Another charge not infrequently heard is one of a certain repellent coldness of temperament and stiffness of demeanour. The warrant for such a statement is not so readily forthcoming, unless indeed it is to be found in the stiff and repellent style which characterises some translations of his sayings. In the Analects we are told the exact opposite of this. The Master, we read there, was uniformly cheerful in demeanour, and he evidently unbent to quite an unusual extent with his disciples, considering the respect and deference universally shown to age and learning in China. Is it at all conceivable that a man of cold and unlovable temper should have attracted round him hundreds of disciples, with many of whom he was on terms of most intimate intercourse, meeting them not only in the lecture-room, as modern professors meet their classes, but living with them, eating, drinking, sleeping and conversing with them, until all their idiosyncrasies, good or bad, were better known to him than to their own parents? Is it explicable, except on the ground of deep personal affection, that he should have been followed into exile by a faithful band of disciples, not one of whom is known ever to have deserted or turned against him? Is coldness to be predicated of the man who in his old age, for once losing something of his habitual self-control, wept passionately for the death of his dearly loved disciple Yen Hui, and would not be comforted?

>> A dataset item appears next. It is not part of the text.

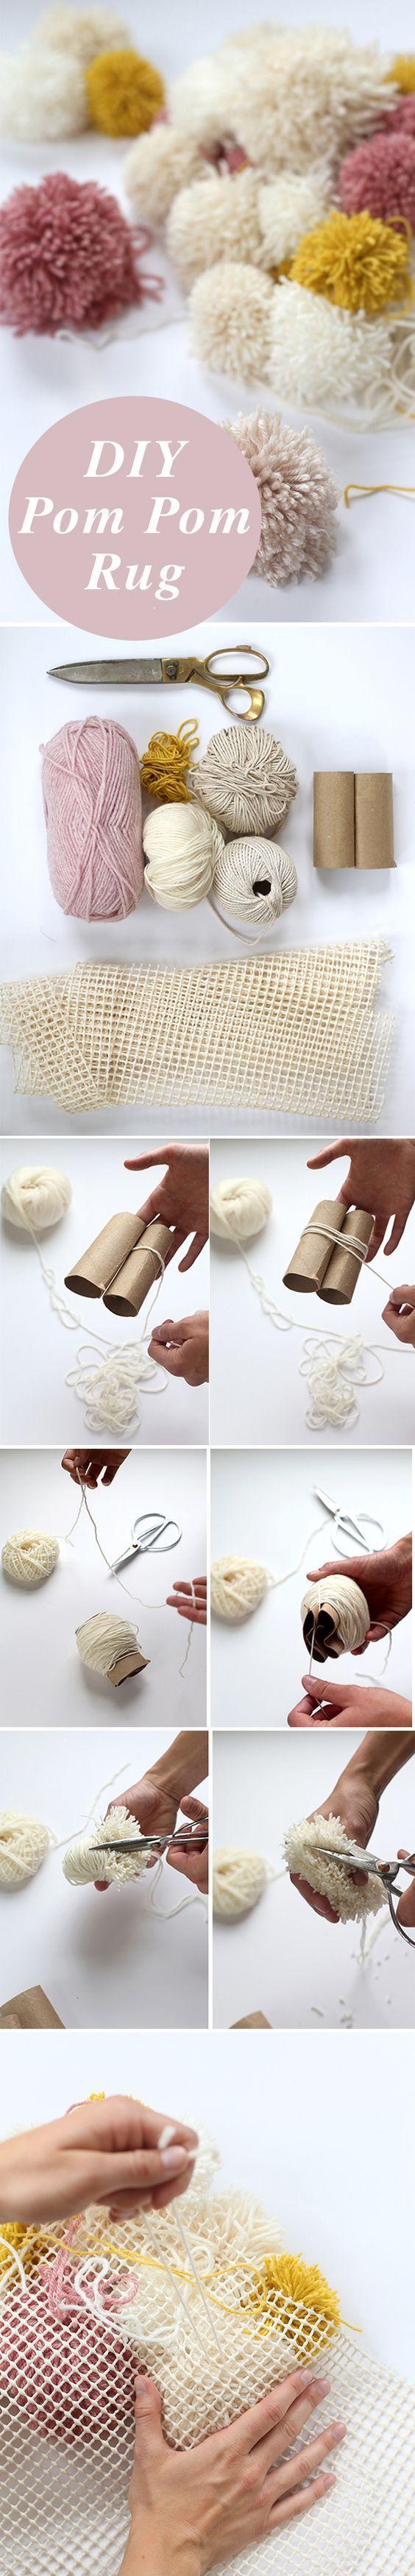 DIY Pom Pom Rug | 17 Cozy DIY Projects to Keep You Warm This Winter
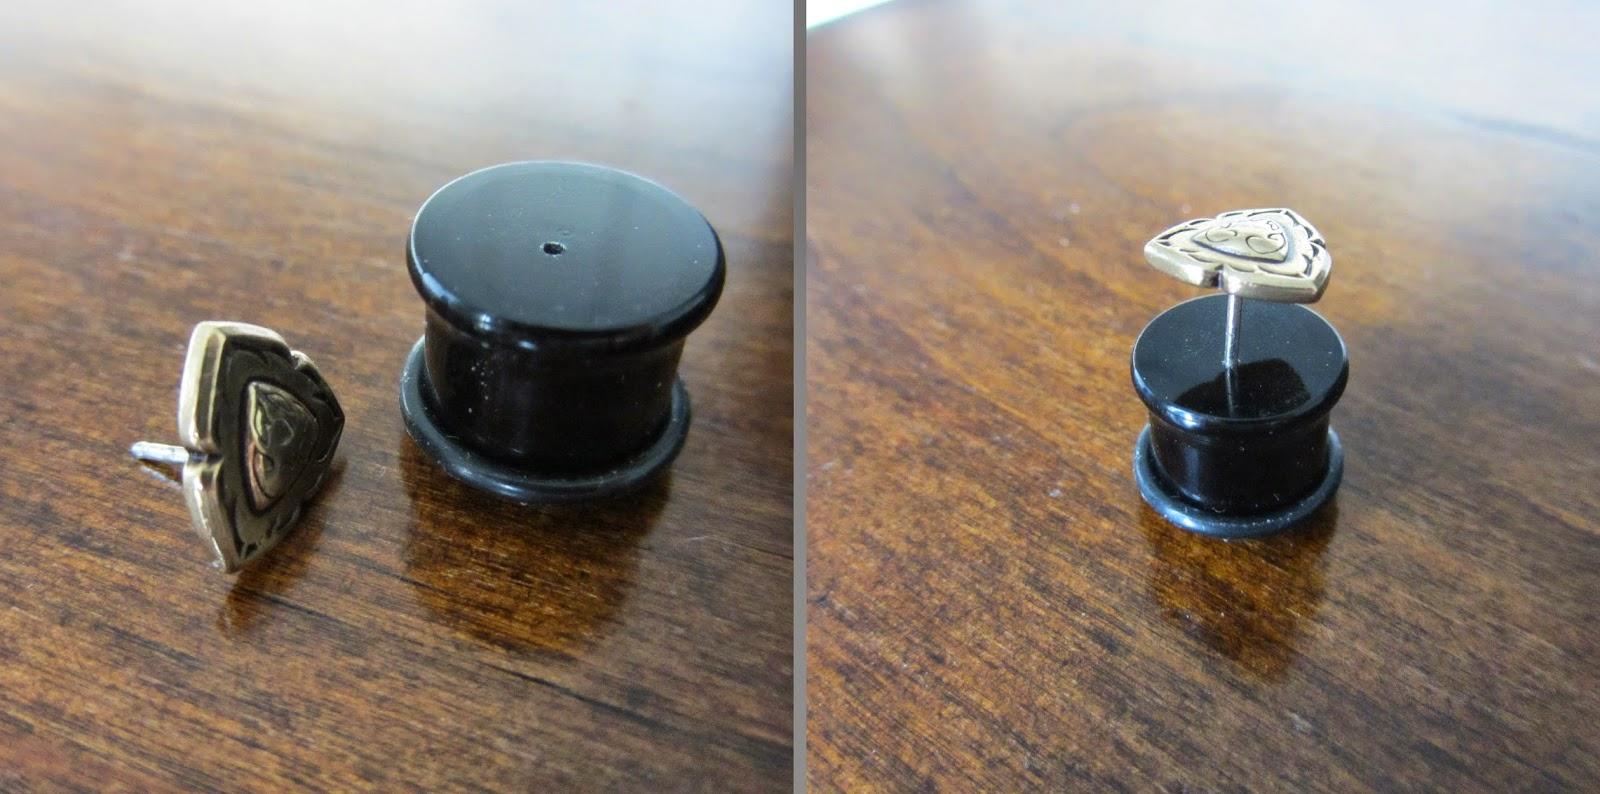 Koala Art And Design Plug Earring Converter : Not another plug earring converter ehkä paras

But it has been reserved for the latest English translator of the Analects, the Rev. Mr. Jennings, to level some of the worst charges at his head. To begin with, he approvingly quotes, as Legge's final opinion on Confucius, words occurring in the earliest edition of the Chinese Classics to the effect that he is "unable to regard him as a great man," quite heedless of the fact that the following stands in the edition of 1893 (two years before his own translation appeared): "But I must now leave the sage. I hope I have not done him injustice; the more I have studied his character and opinions, the more highly have I come to regard him. He was a very great man, and his influence has been on the whole a great benefit to the Chinese, while his teachings suggest important lessons to ourselves who profess to belong to the school of Christ." This summing-up, though certainly unexpected in view of much that has gone before, does partly atone for the unjust strictures which Dr. Legge felt it necessary to pass on Confucius at an earlier period, though it may require many years entirely to obliterate their effect. What I wish to emphasise at present, however, is the unfairness of quoting an early and presumably crude and ill-considered opinion in preference to the latest and maturest judgment of an authority who at no time can be said to err On the side of over-partiality for his subject.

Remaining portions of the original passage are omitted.